**Task directions:**
Copying rule for the data below: take the line containing "Loewe_Galleria Mall AD_August 2013_001 (2)" and every line after it to the end, exactly, and drop all pictures.

━━━━━ Information supplied ━━━━━

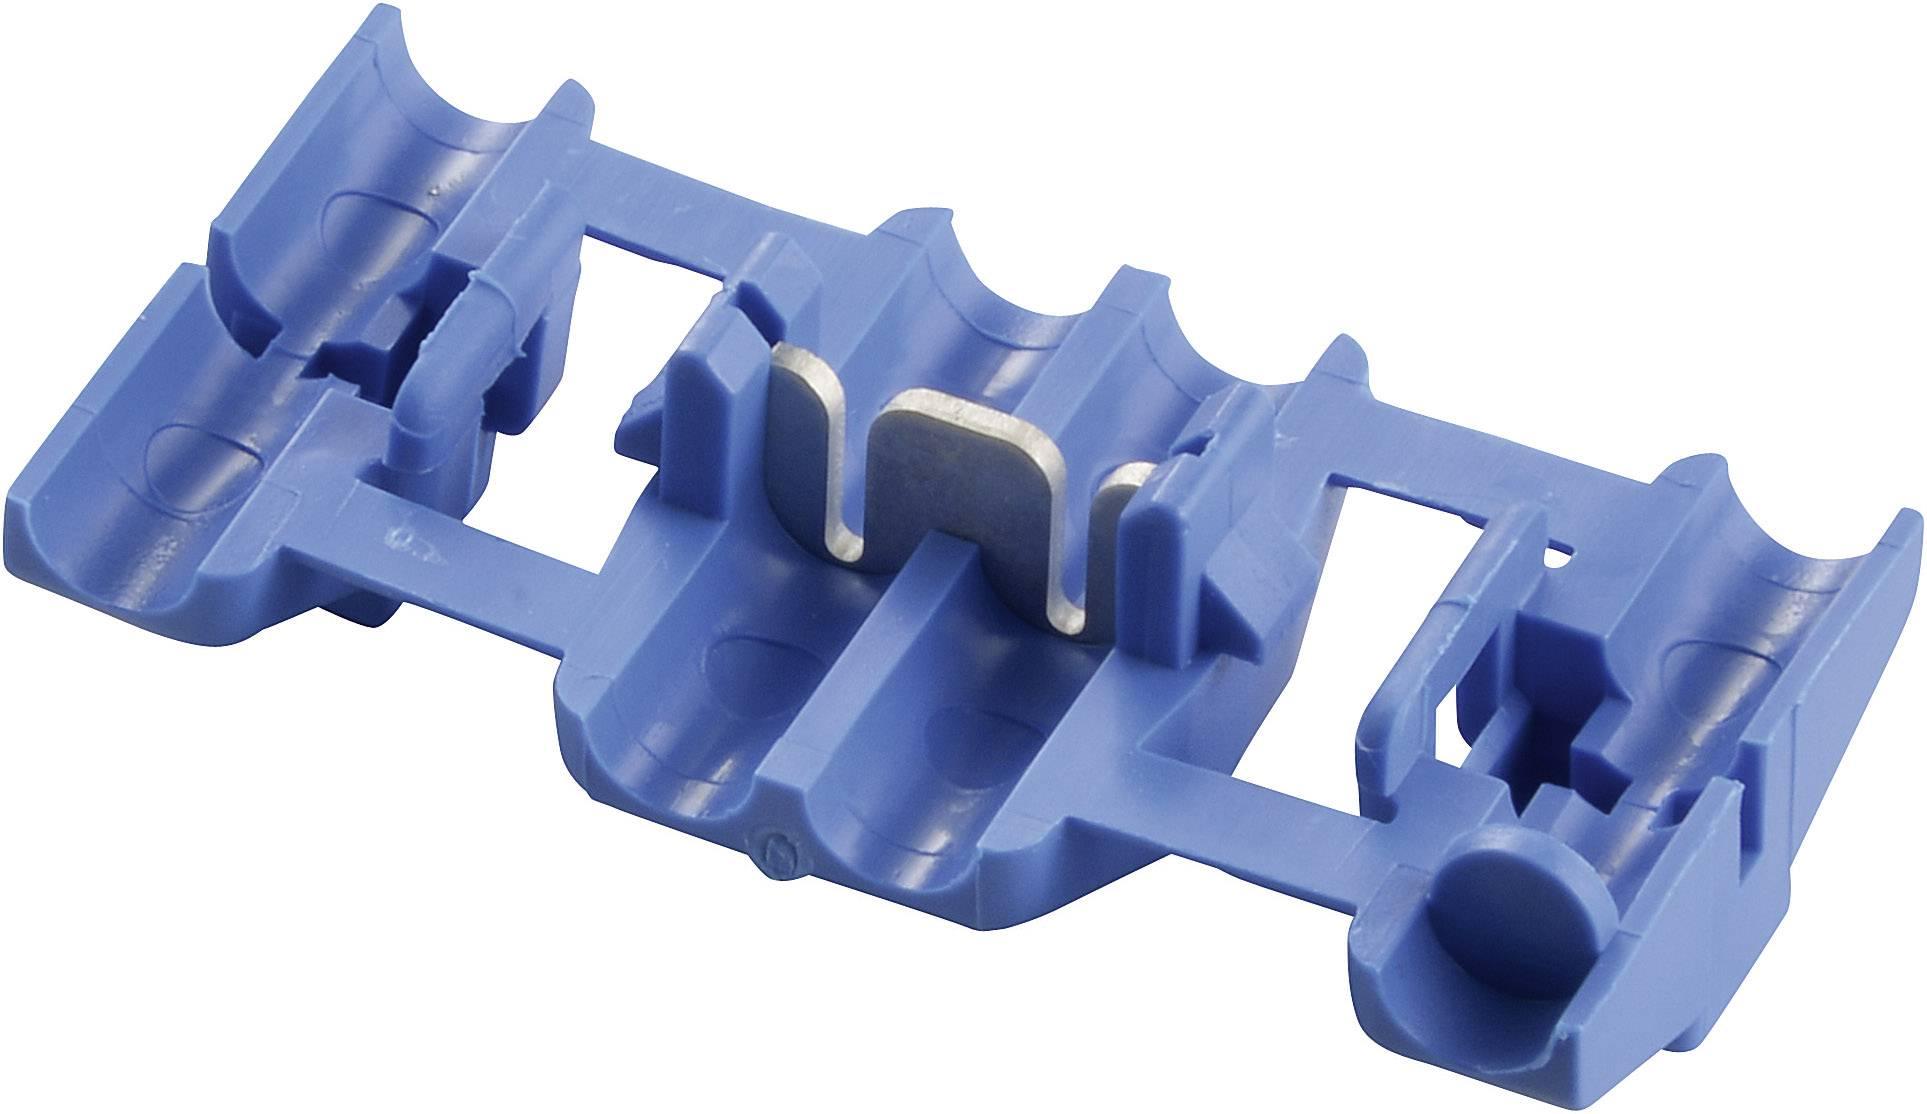 Nízkonapěťový konektor TE Connectivity 735398 na kábel s rozmerom 1-2.5 mm², tuhosť 1-2.5 mm², počet pinov 2, 1 ks, modrá
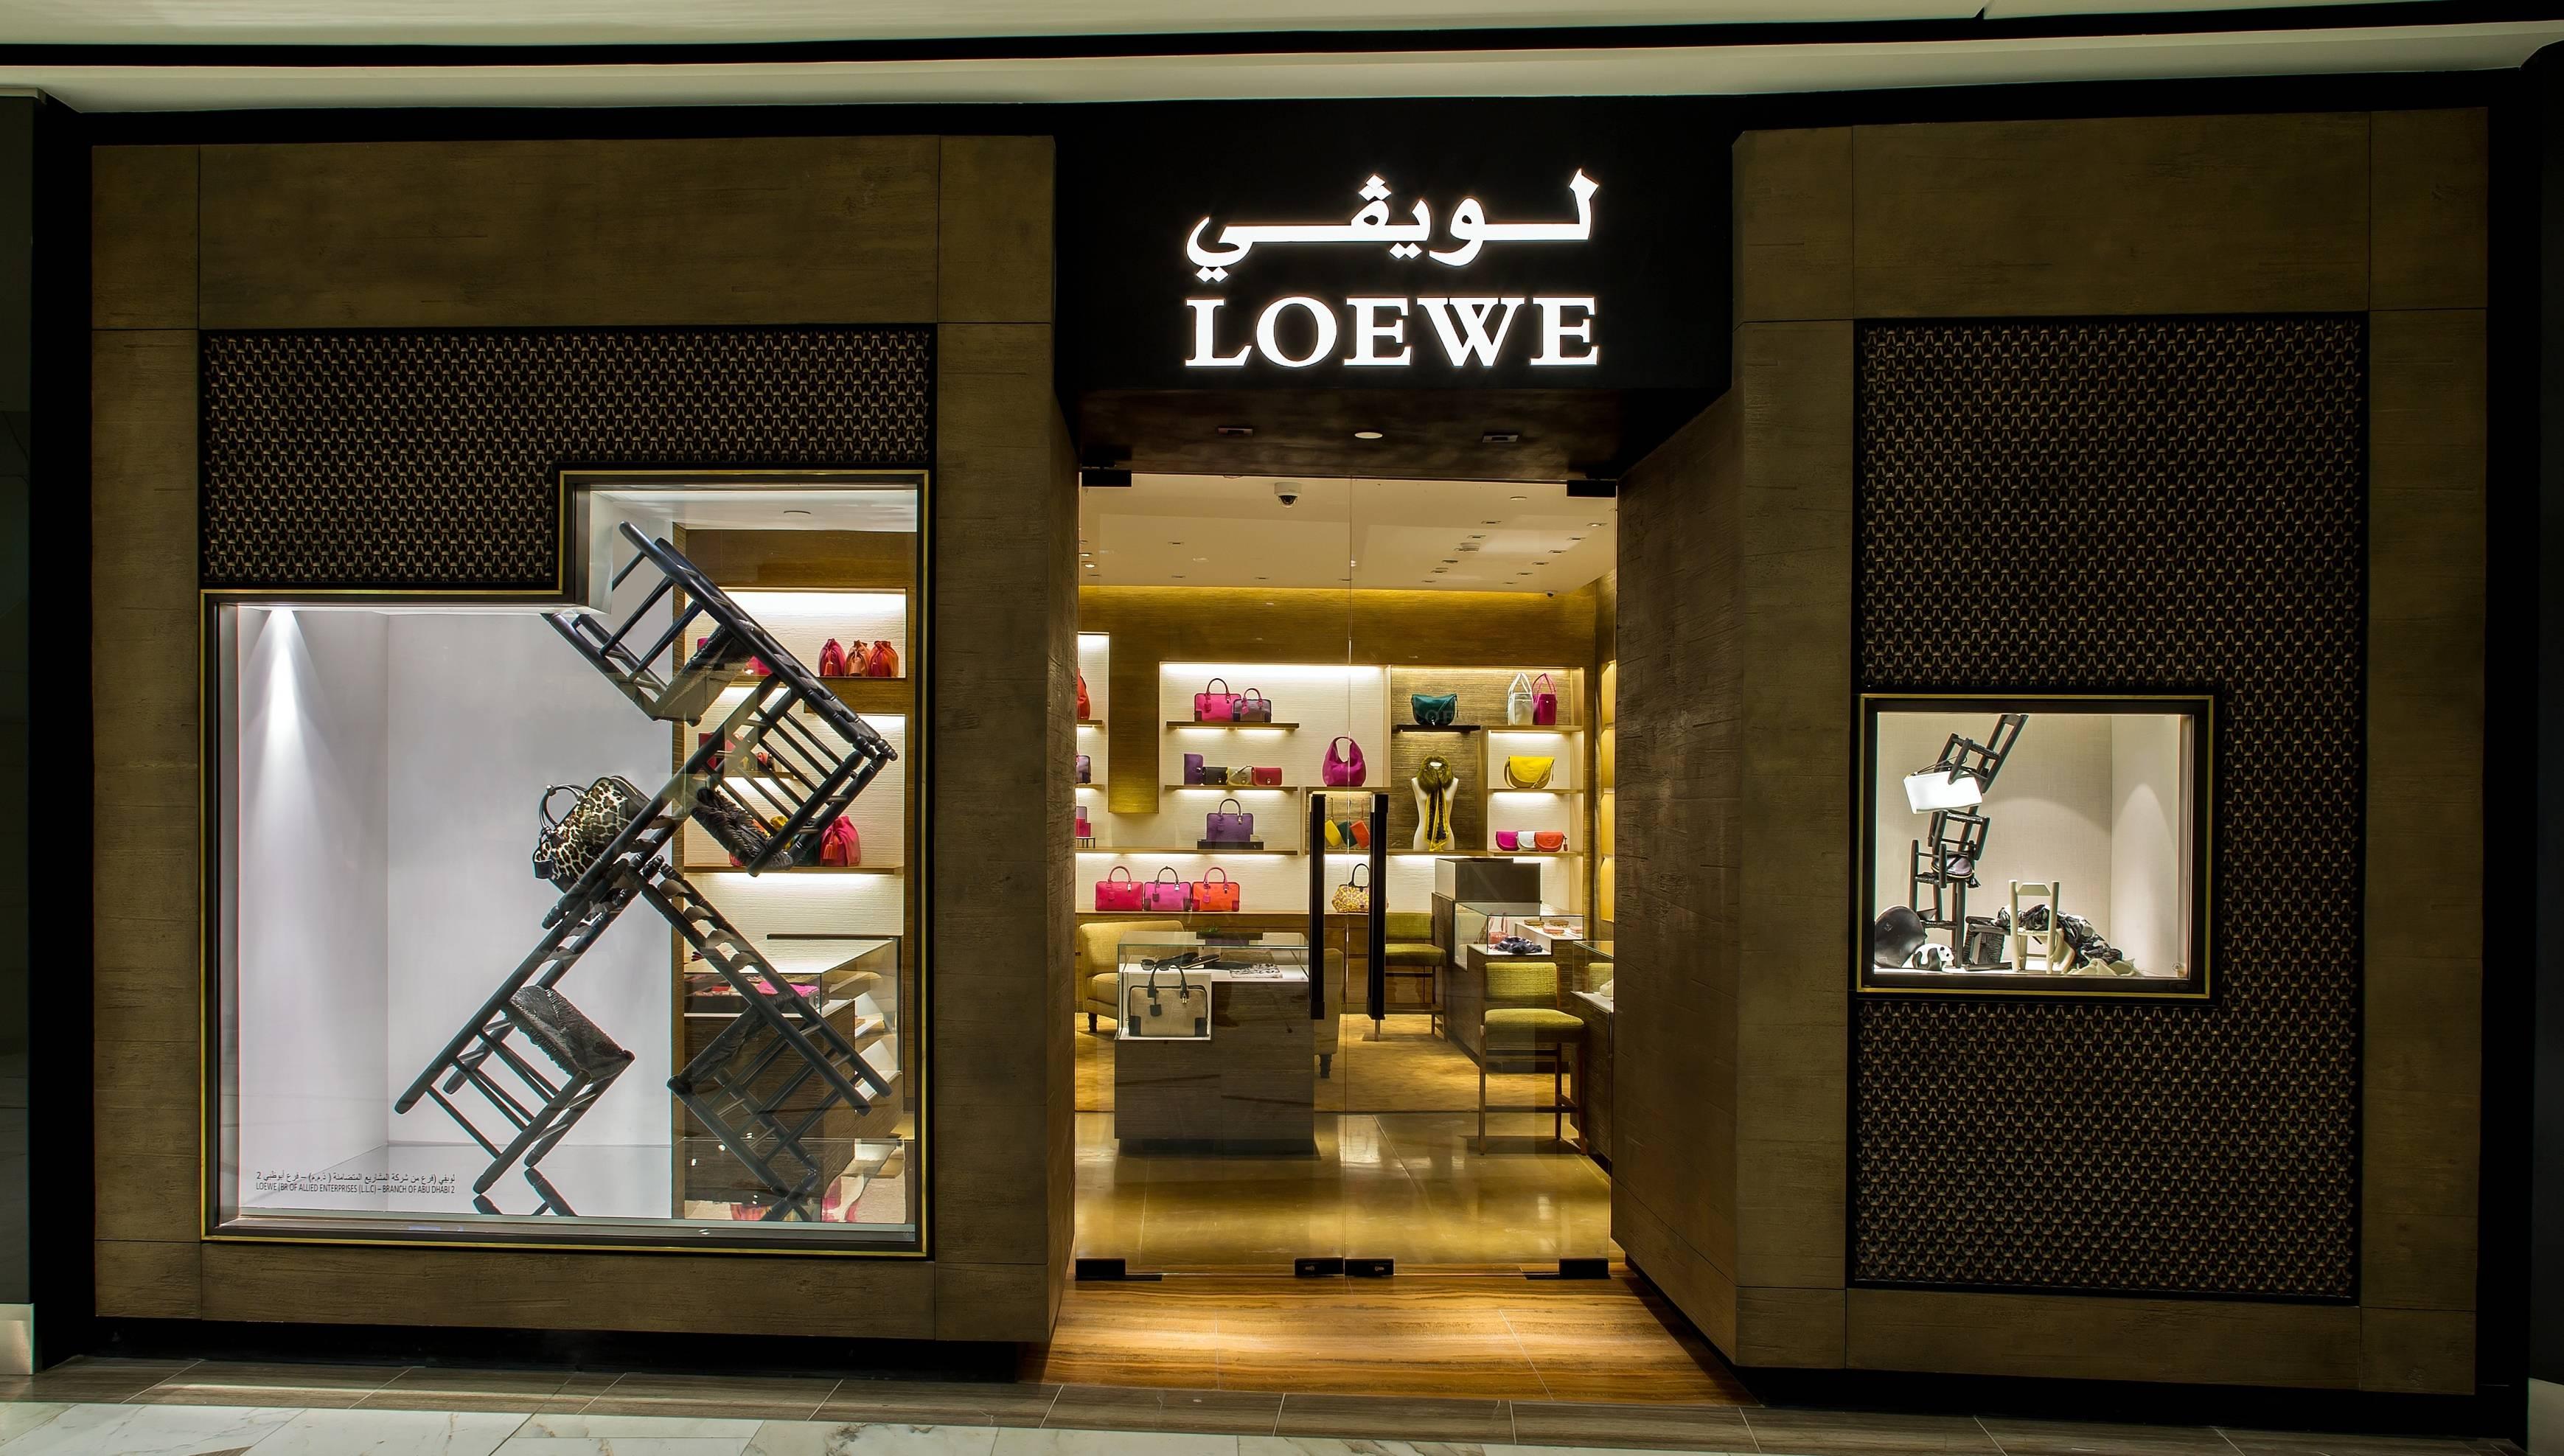 Loewe_Galleria Mall AD_August 2013_001 (2)
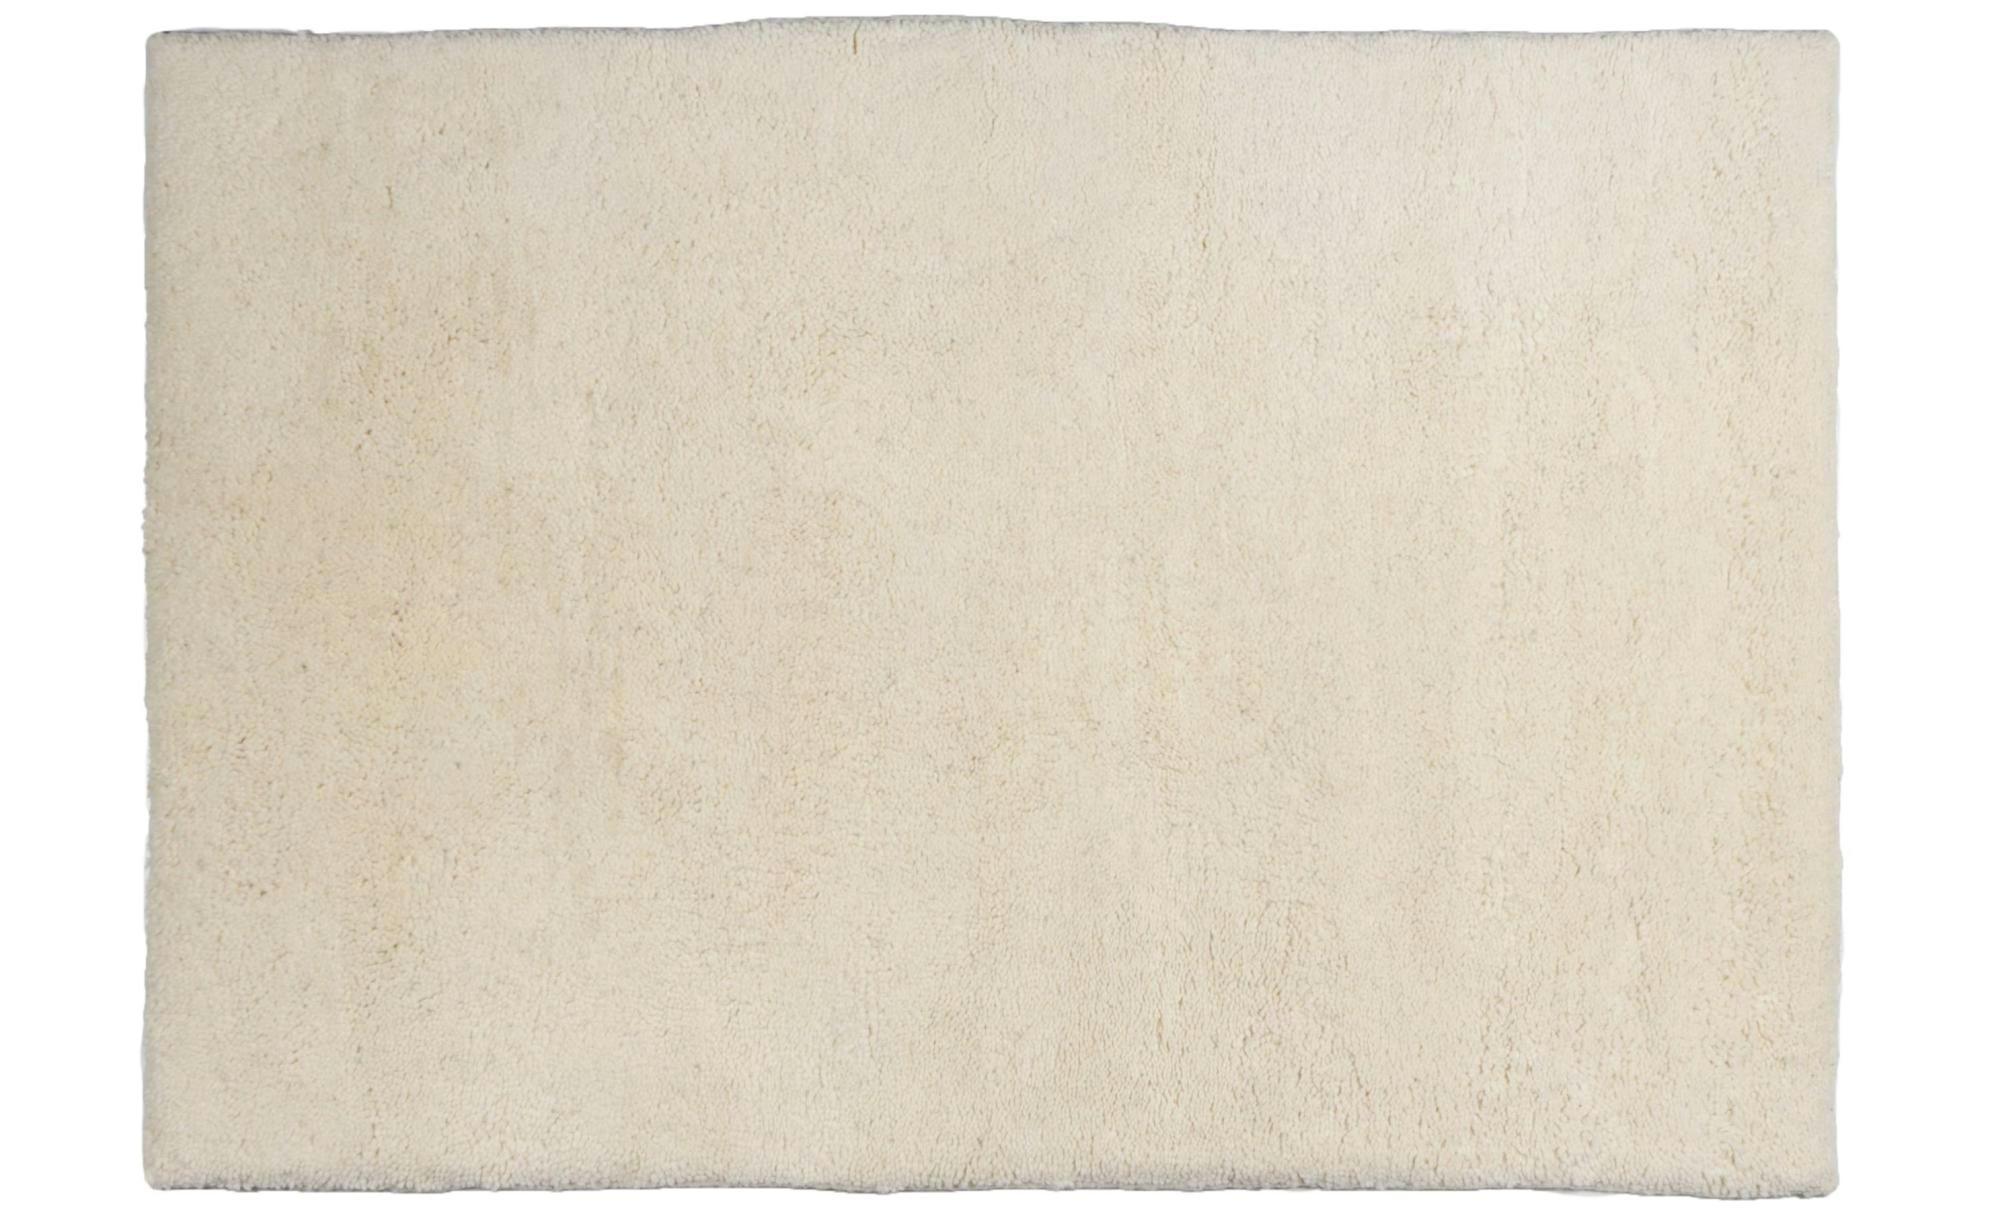 Berber-Teppich  Rabat ¦ creme ¦ reine Wolle, Wolle ¦ Maße (cm): B: 140 Teppiche > Wohnteppiche - Höffner

━━━━━

**Solution to the problem:**
 Loewe_Galleria Mall AD_August 2013_001 (2)
 Berber-Teppich  Rabat ¦ creme ¦ reine Wolle, Wolle ¦ Maße (cm): B: 140 Teppiche > Wohnteppiche - Höffner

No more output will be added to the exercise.